The Santa Maria Formation is a sedimentary rock formation found in Rio Grande do Sul, Brazil. It is primarily Carnian in age (Late Triassic), and is notable for its fossils of cynodonts, "rauisuchian" pseudosuchians, and early dinosaurs and other dinosauromorphs, including the herrerasaurid Staurikosaurus, the basal sauropodomorphs Buriolestes and Saturnalia, and the lagerpetid Ixalerpeton. The formation is named after the city of Santa Maria in the central region of Rio Grande do Sul, where outcrops were first studied.

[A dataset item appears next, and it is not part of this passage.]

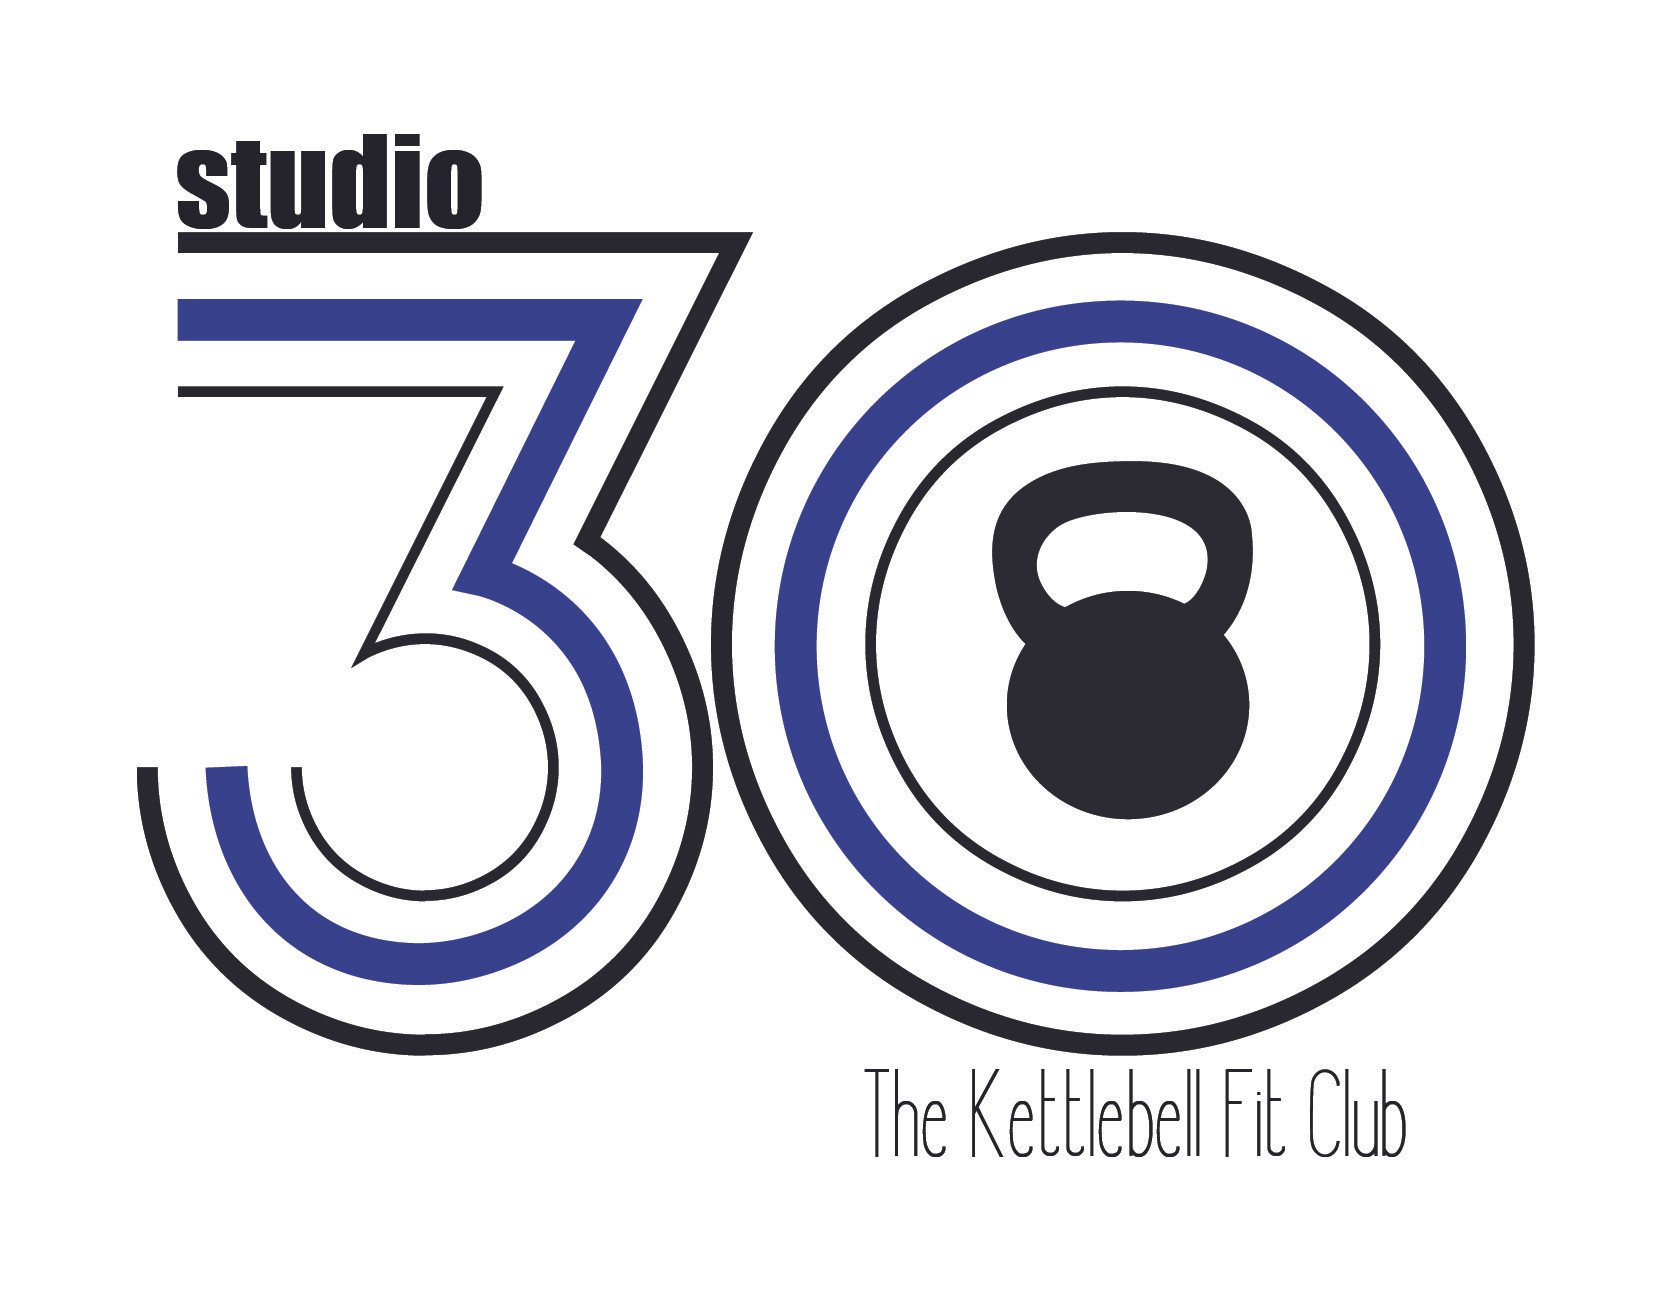 Studio 30 - The Kettlebell Fit Club

The Santa Maria Formation makes up the majority of the Santa Maria Supersequence, which extends through the entire Late Triassic. The Santa Maria Supersequence is divided into four geological sequences, separated from each other by short unconformities. The first two of these sequences (Pinheiros-Chiniquá and Santa Cruz sequences) lie entirely within the Santa Maria Formation, while the third (the Candelária sequence) is shared with the overlying Norian-age Caturrita Formation. The fourth and youngest sequence (the Mata sequence) is equivalent to the Rhaetian-age Mata Sandstone.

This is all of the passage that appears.